Projet de loi Réponses immédiates aux phénomènes troublant l'ordre public
commission des lois
N°COM-60
4 mai 2026
(1ère lecture)
(n° 472 )
AMENDEMENT
présenté par
M. BENARROCHE, Mme Mélanie VOGEL, M. DANTEC, Mme de MARCO, MM. DOSSUS, FERNIQUE et GONTARD, Mme GUHL, MM. JADOT et MELLOULI, Mmes OLLIVIER et PONCET MONGE, M. SALMON et Mmes SENÉE et SOUYRIS
ARTICLE ADDITIONNEL APRÈS ARTICLE 9
Après l’article 9
Insérer un article additionnel ainsi rédigé :
Après l’article 78-2-5 du code de procédure pénale, il est inséré un article 78-2-… ainsi rédigé :
« Art 78-2-…. – Les contrôles d’identité réalisés en application du présent chapitre donnent lieu, sous peine de nullité, à l’établissement d’un document mentionnant :
« 1° Les motifs justifiant le contrôle ainsi que la vérification d’identité ;
« 2° Le fondement juridique du contrôle ;
« 3° Le lieu du contrôle et l’annonce d’une suite éventuelle ;
« 4° Le jour et l’heure à partir desquels le contrôle a été effectué ;
« 5° Le matricule de l’agent ayant procédé au contrôle ;
« 6° Les observations de la personne ayant fait l’objet du contrôle.

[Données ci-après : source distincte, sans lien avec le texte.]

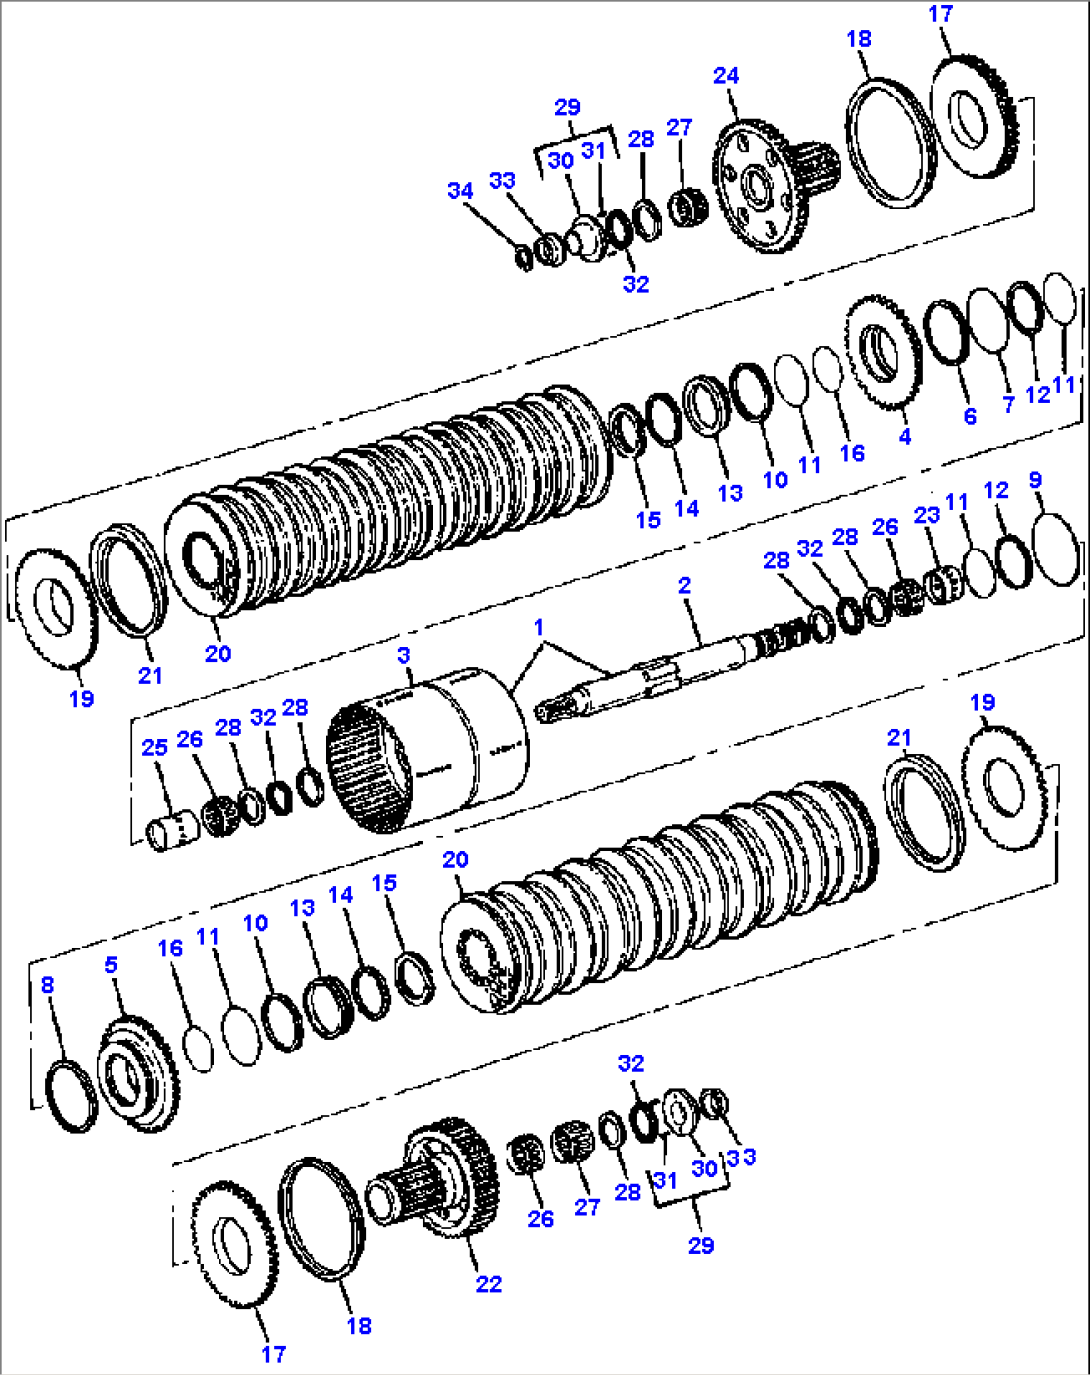 TRANSMISSION FORWARD AND REVERSE CLUTCH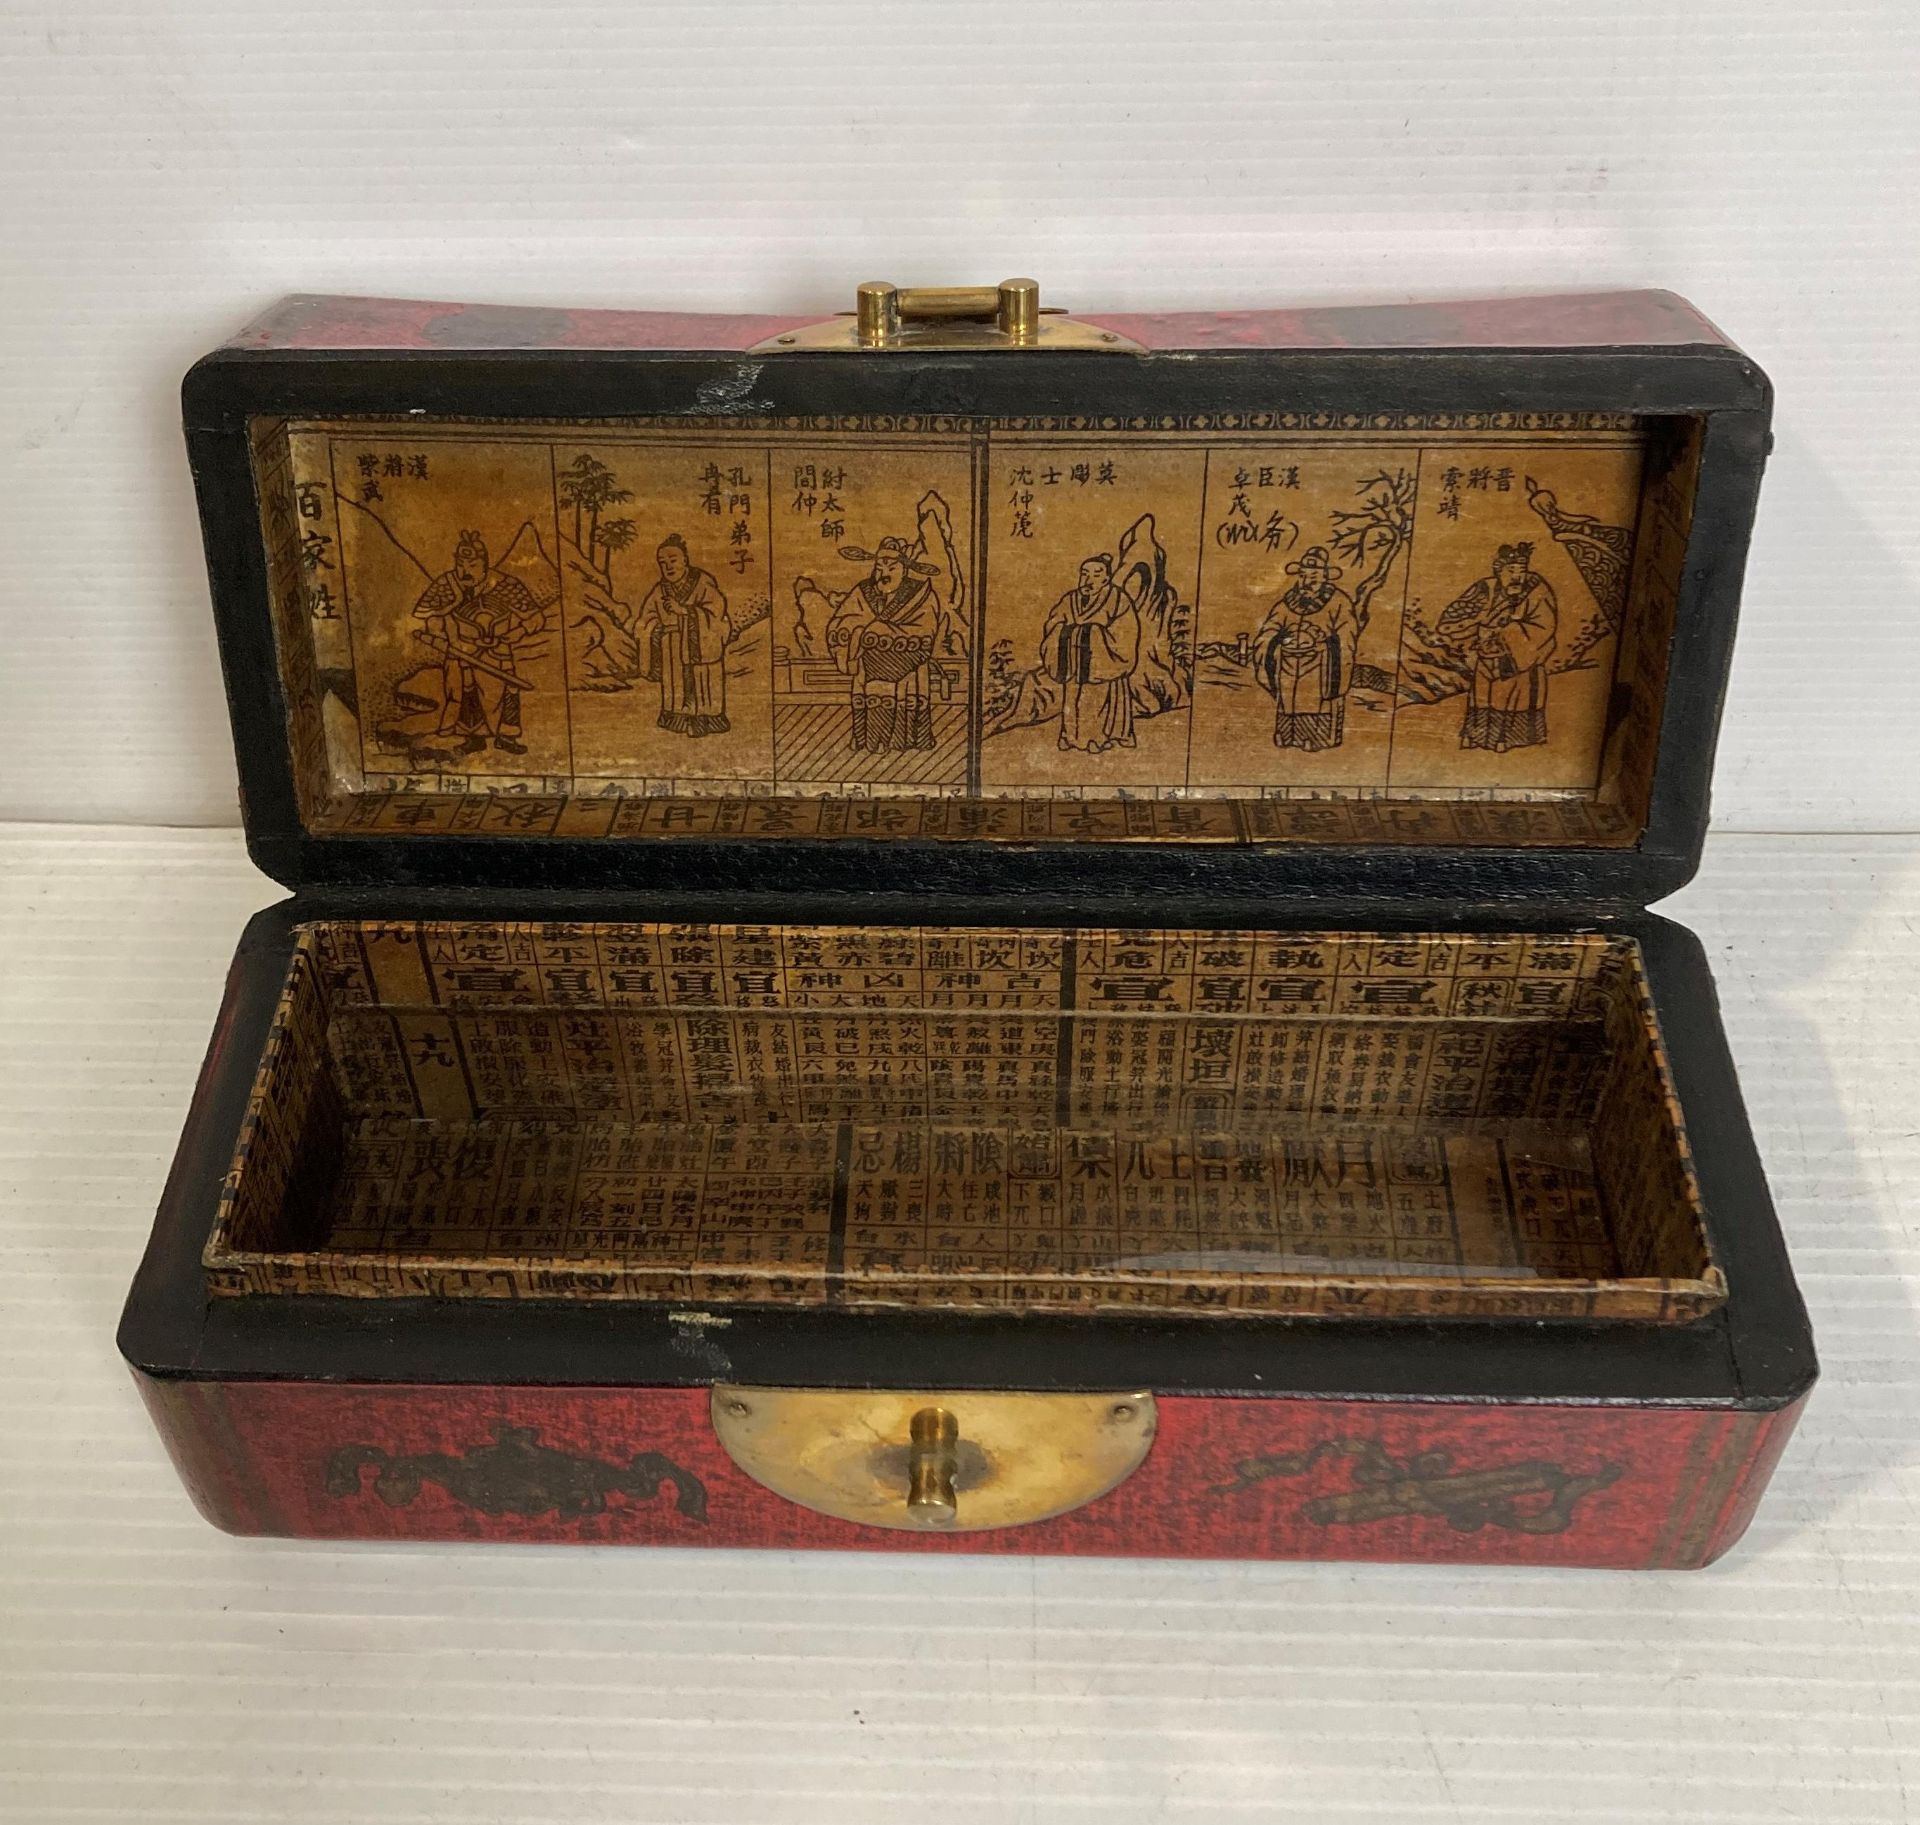 Two assorted Oriental boxes and two wooden circular stands (saleroom location: S2 QB14) - Image 3 of 8

« Ce document est signé par l’intéressé ; en cas de refus de signer, mention en est faite. Un double est remis à l’intéressé.
« Un procès-verbal retraçant l’ensemble des contrôles est transmis au procureur de la République selon des modalités déterminées par voie réglementaire. »
Objet
Le présent amendement du groupe Écologiste - Solidarité et Territoire vise à instaurer un dispositif de traçabilité des contrôles d’identité via un récépissé de contrôle d’identité.
Le contrôle d’identité ne fait aujourd’hui l’objet d’aucune traçabilité systématique. En dehors des cas où il débouche sur une procédure ou sur un refus d’obtempérer au sens de l’article 78-3, aucun document n’atteste de sa réalisation, de ses motifs ou de l’identité de l’agent qui l’a effectué.
Selon la Commission consultative des droits de l’homme, les forces de l’ordre ont un pouvoir d’appréciation extrêmement étendu sur l’opportunité de contrôler ou non une personne. Le Défenseur des droits reconnaissait que l'enchaînement systématique des contrôles d’identité revenait à généraliser, dans certaines zones du territoire, des pratiques de contrôle d’identité discrétionnaires.
Les contrôles d’identité abusifs ou discriminatoires sont une réalité quotidienne pour bon nombre de personnes en France. Le contrôle au faciès fait qu’un même individu peut être contrôlé "trois ou quatre fois" dans la même semaine. Cette pratique a pour effet de générer des tensions entre les forces de l’ordre et la population.
La Cour de cassation, le 9 novembre 2016, avait rappelé qu’un contrôle d’identité fondé sur des caractéristiques physiques associées à une origine réelle ou supposée, sans aucune justification objective préalable, est discriminatoire : il s’agit d’une faute lourde qui engage la responsabilité de l’État. Le Conseil constitutionnel avait rappelé également que “la pratique de contrôles d’identité généralisés et discrétionnaires est incompatible avec le respect de l a liberté individuelle”
La Commission nationale consultative des droits de l’homme (CNCDH) ainsi que la Défenseure des droit recommande, pour lutter contre ces pratiques abusives, la mise en place d’un “système de traçabilité des contrôle d’identité” par le biais de la remise d’un récépissé à l’usager après chaque contrôle d’identité. Cette mesure est défendue par des associations depuis plusieurs années. Si elle ne constitue pas la solution miracle pour lutter contre les discriminations, elle est un moyen pour limiter la latitude importante dans la sélection des personnes à interpeller, et permet d’évaluer la pertinence de l’interpellation.
Afin d’assurer l’effectivité du droit au recours, de prévenir les discriminations et de renforcer la transparence des contrôles d’identité, notre groupe propose en conséquence d’instaurer un récépissé pour tous les contrôles d’identité.